"However, I can say this.
In a game of Go, the state of the game is determined entirely by the players moves, which both betonline cheating blackjack players see.Figure 1: A game tree of an extensive form game.For all a_1 in A_1 and a_2 in A_2, we have: r_1(a_1, a_2) r_2(a_1, a_2) 0 Zero-sum games are interesting since any Nash equilibrium can be computed efficiently using the minmax theorem.A Deep Q-network learns how to play under the reinforcement learning framework, where a single agent interacts with a fixed environment, possibly with imperfect information.Dong Kim, one of the professionals that Libratus competed against.Strength of the AI edit, libratus had been leading against the human players from day one of the tournament.
Thanks to Noam Brown for bringing this to our attention.

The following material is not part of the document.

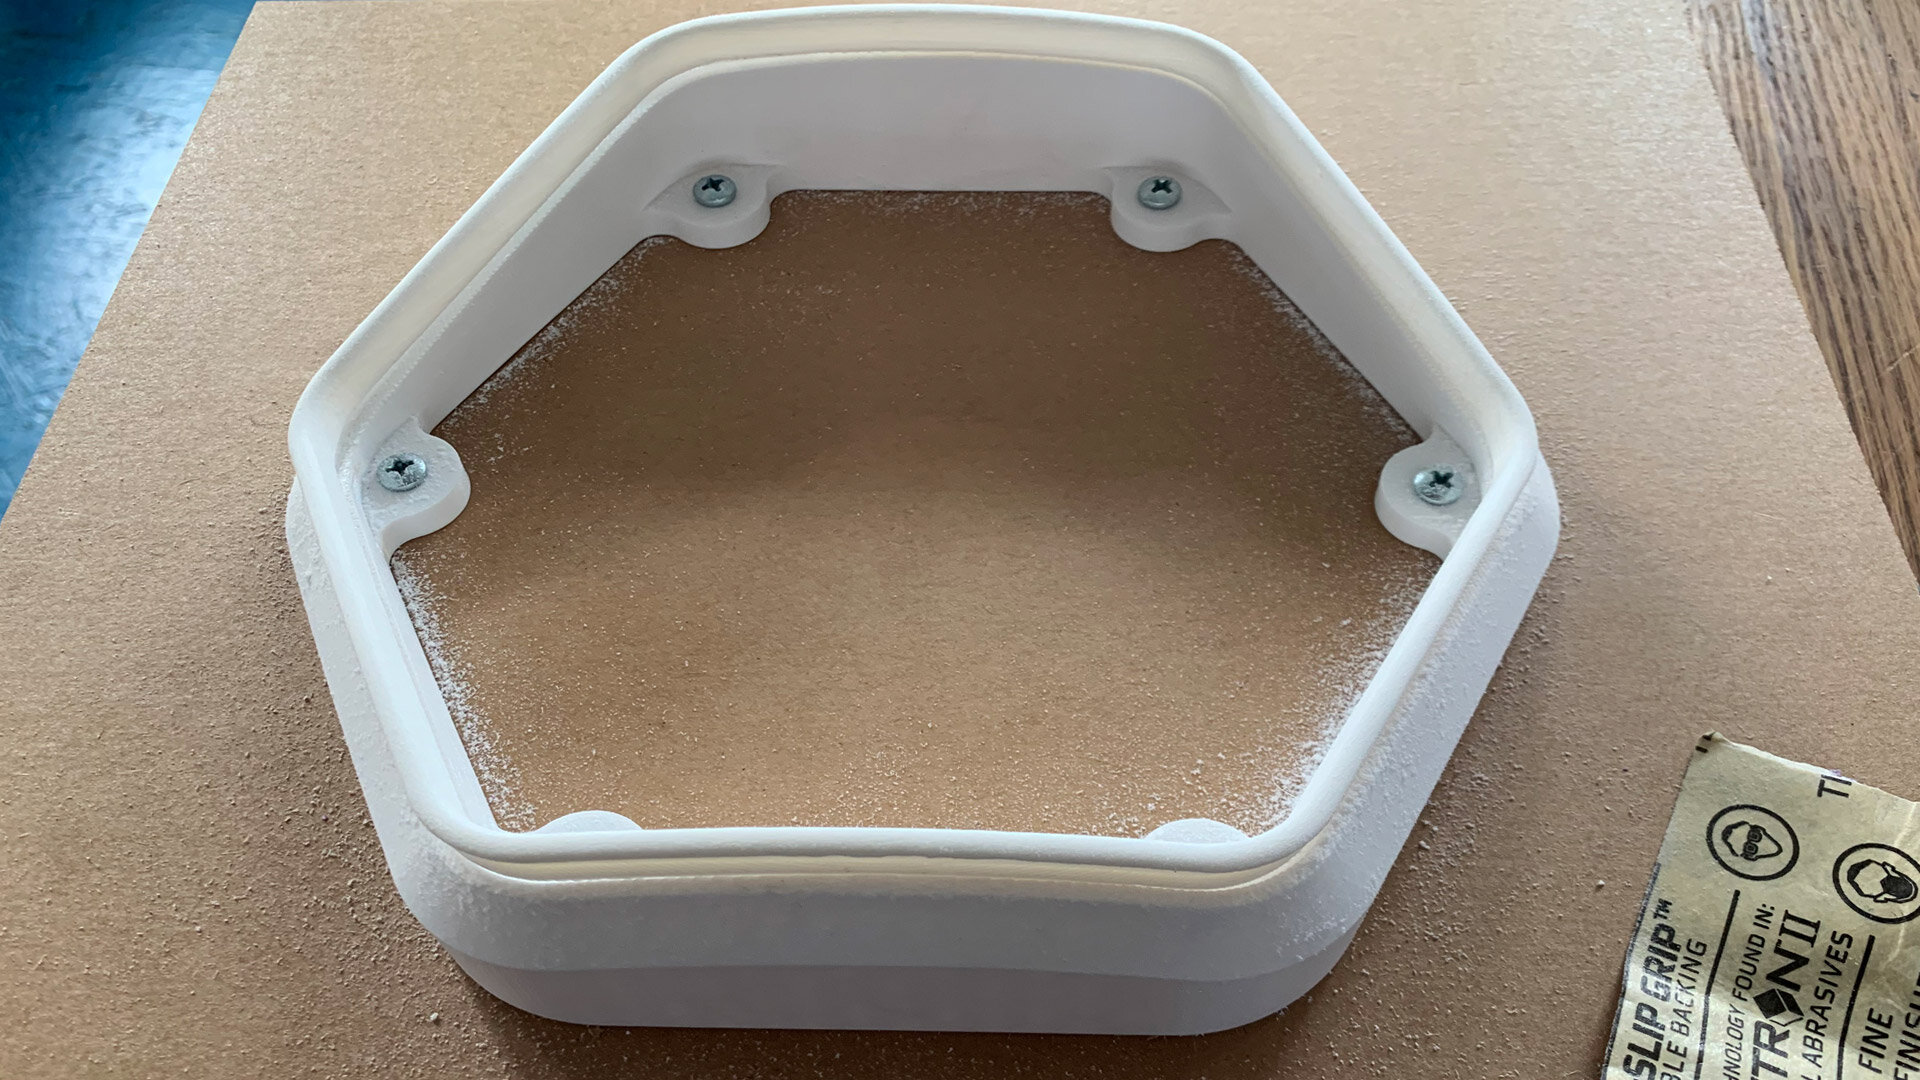  After printing, every door frame was snapped into a holding jig for a final sanding pass. The secret truth of 3D printed parts is that they usually require human clean up to make them look great. We will definitely be exploring injection molding for

One of the subteams was playing in the open, while the other subteam was located in a separate room nicknamed 'The Dungeon' where no mobile phones or other external communications were allowed.Teaching AI poker could have significance outside of the poker world (although it has already transformed how humans play poker).While Go and poker are both extensive form games, the key difference between the two is that Go is a perfect information game, while poker is an imperfect information game.(On a chessboard, every piece is visible, but in poker no player can see another players cards.).Libratus therefore uses reach subgame solving which gives slightly weaker guarantees that the opponent is no better off for those cases where he is likely to reach this subgame instead of accounting for all possible strategy changes.In the game tree, this is denoted by the information set, or the dashed line between the two states.
For one thing, it's a way of teaching AI to work with incomplete information, which comes up in real world situations like negotiations.
The poker variant that Libratus can play, no-limit heads up Texas Hold'em poker, is an extensive-form imperfect-information zero-sum game.
Importantly, the Nash equilibria of zero-sum games are computationally tractable and are guaranteed to have the same unique value.